Although writing audio-visual scripts is a creative undertaking, some technical aspects must be considered. Just like business letters, college reports and essays, guidelines and rules govern the writing process.

Free-form documents look amateurish and can be difficult for audio-visual professionals to understand. Professional writers follow simple layout guidelines to get their ideas across to readers efficiently. Here are the basic scriptwriting formats that screenwriters and news producers use for entertainment productions and news programming.

Movies and Television Shows

Identify the backdrop of the scene. Begin by telling the reader if the action happens indoors or outside by using the abbreviations "INT." for interior or "EXT." for exterior. Follow this up with a succinct description of the location followed by a dash and a time reference. This section should be bold face and written in all capitals. For example: INT. RESTAURANT -- NIGHT.

Insert dialogue. To signal that a character is talking, center-align his or her name and write the dialogue left-aligned below. Write character names with capital letters but write dialogue text normally.

Describe action happening in the scene. Signal when characters enter or exit the scene and describe any important action with detailed passages. Italicize and left-align these descriptions.

Television News

Write the slug, or name of your story, at the top of the page.

Format the rest of the page so you have two columns. The left side is primarily for the technical staff. The right side of the page is primarily for the on-air talent.

Write the name of the person you want to read the story on the top of both columns. Use capital letters.

Next make note of the video format you want to use in both columns using capital letters. Use "ON CAM" if you want your talent on screen and nothing else. "VO" means video only. Use this when you have video footage that you want your anchor to talk over. "SOT" stands for sound on tape or sound bites. "PKG" stands for package, a complete stand-alone video story with its own voice-over track and cuts of video. Make sure these video format commands line up on both sides of the page.

On the left column write down any additional information about the video that would be useful for the staff. You may want to include tape numbers and the title of the video you're using. For packages, include the "TRT" or total running time and an out cue, the final words of voice track.

Write the script on the right column. Use capital letters for anything your talent is going to read on-air.

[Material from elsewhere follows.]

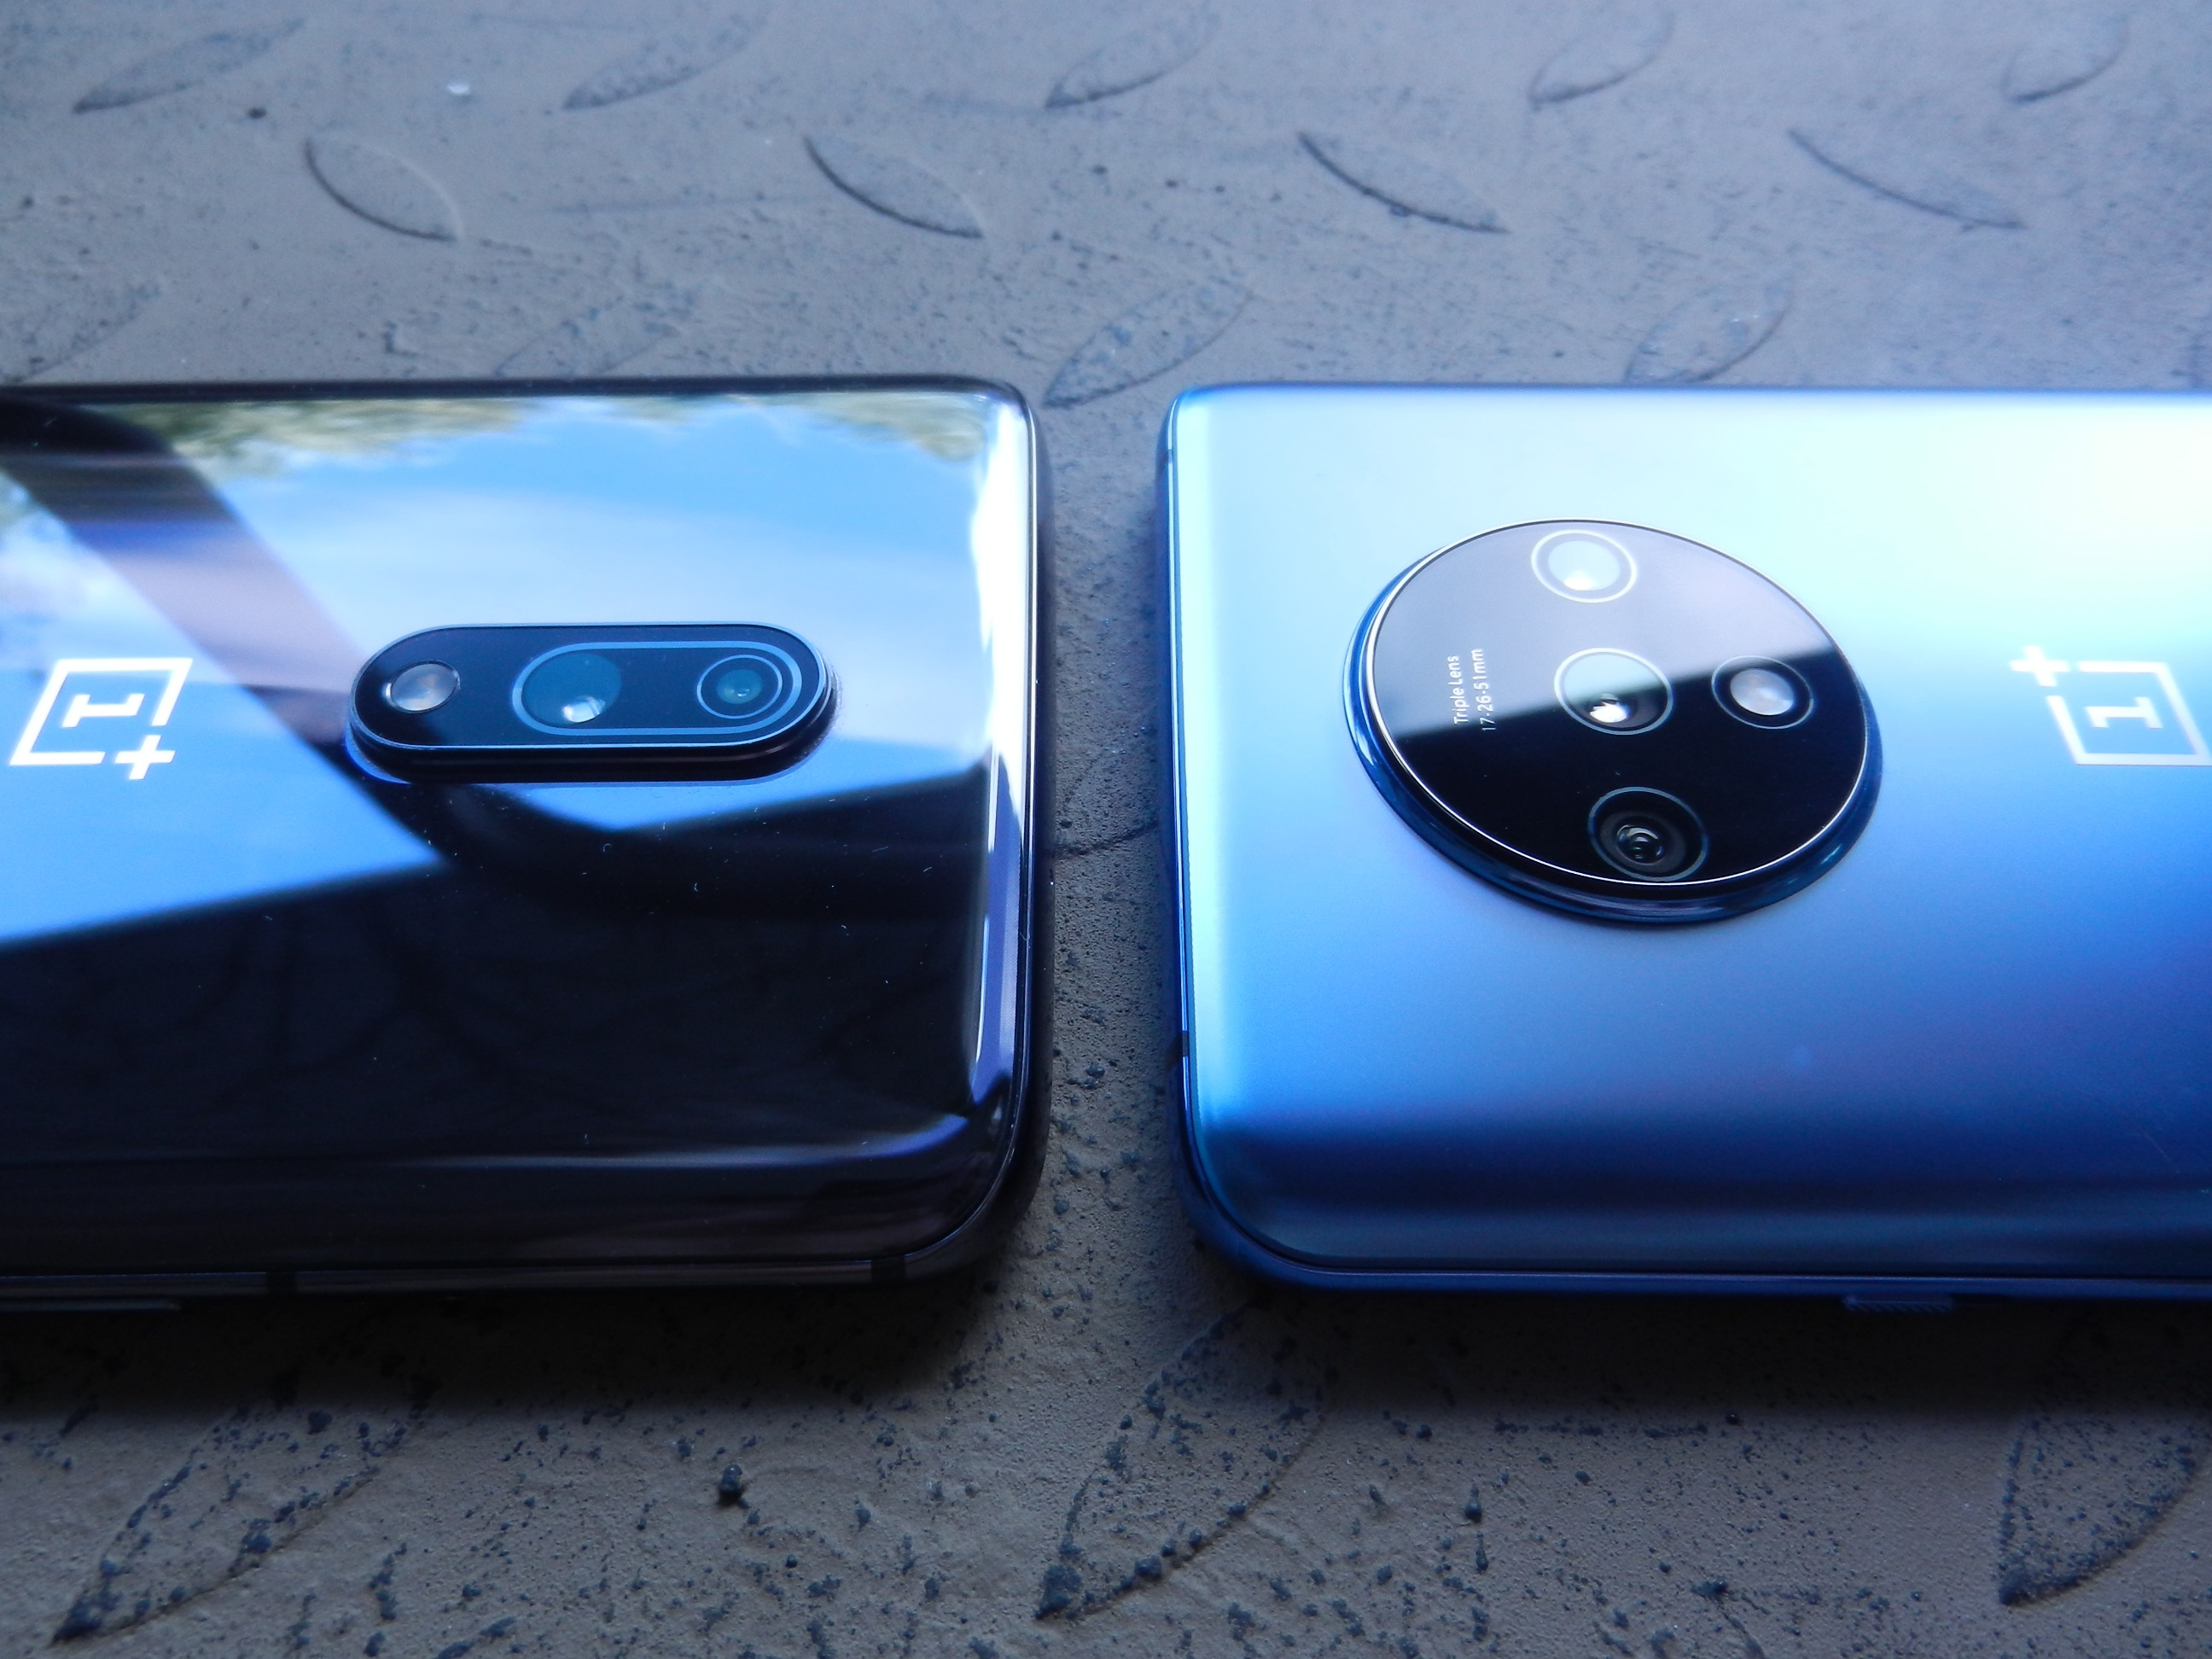 OnePlus 7 vs OnePlus 7T
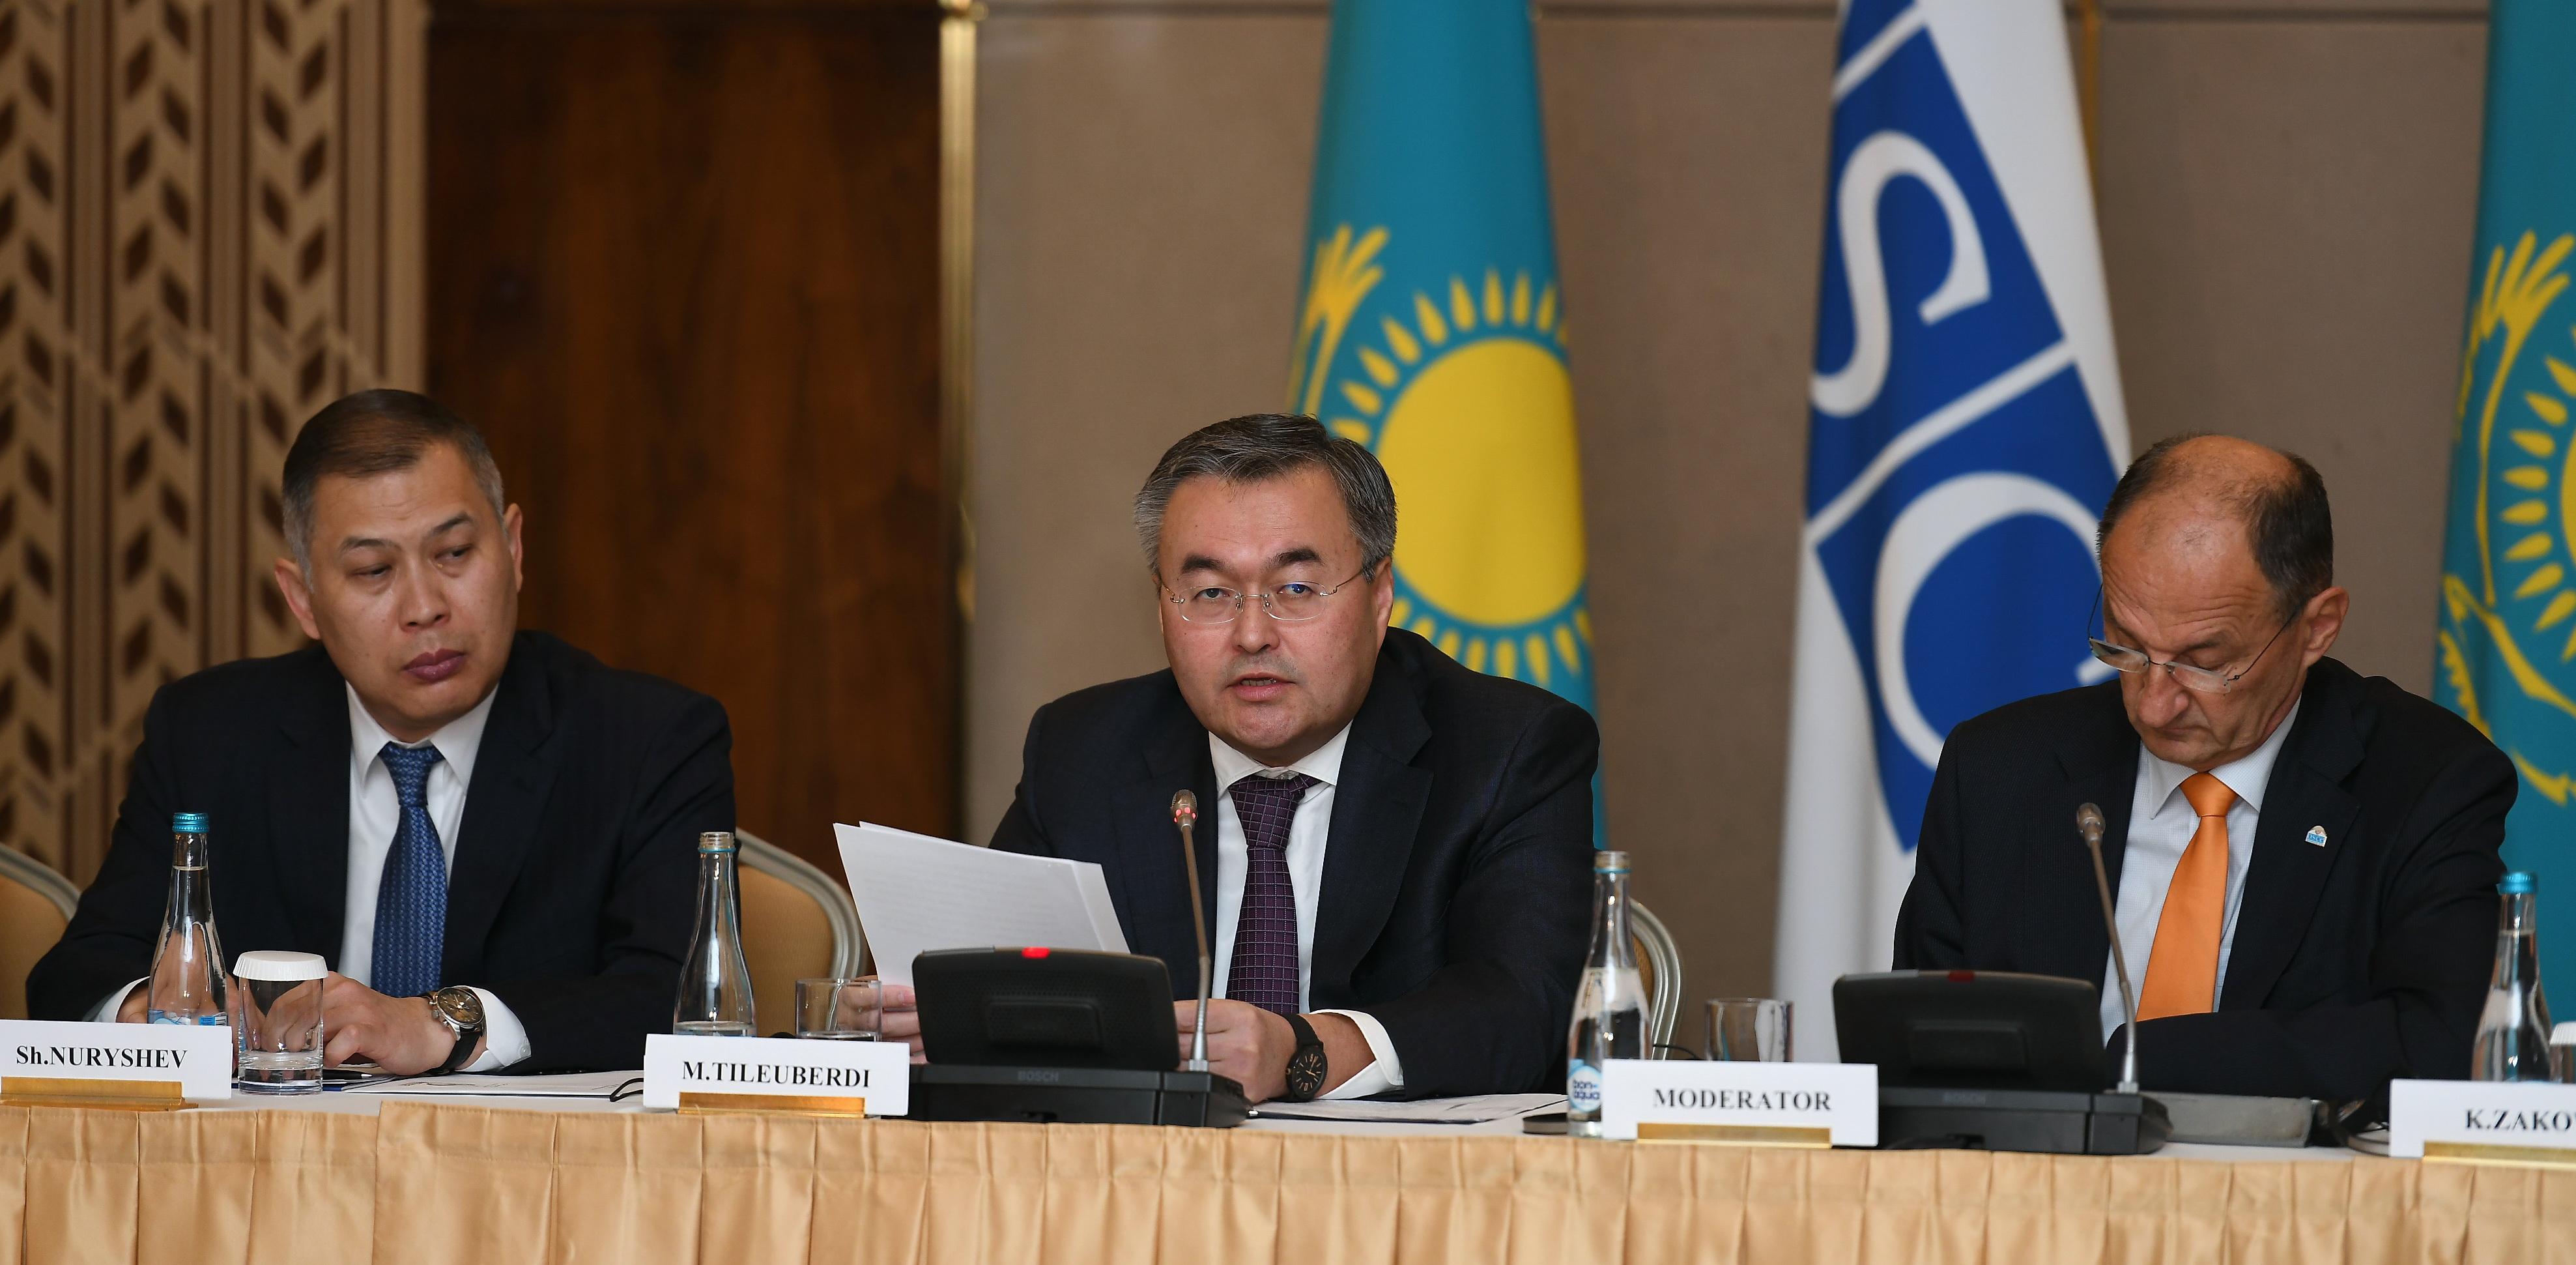 Kazakh FM urges multilateral approach on Afghanistan at OSCE

Use lower and uppercase lettering for scripts that are recorded and will be played back--packages and SOTs for example.

Write down any CGs or computer graphics you want on the left. Common CGs include names and locations.

There are several news writing programs like iNews and NewsMaker, that will format scripts and estimate reading times for you.

If someone is going to be reading your script from a prompter, consider making things easier for them by spelling out numbers and providing pronunciation guides for difficult words. If you don't, be prepared for on-air gaffs.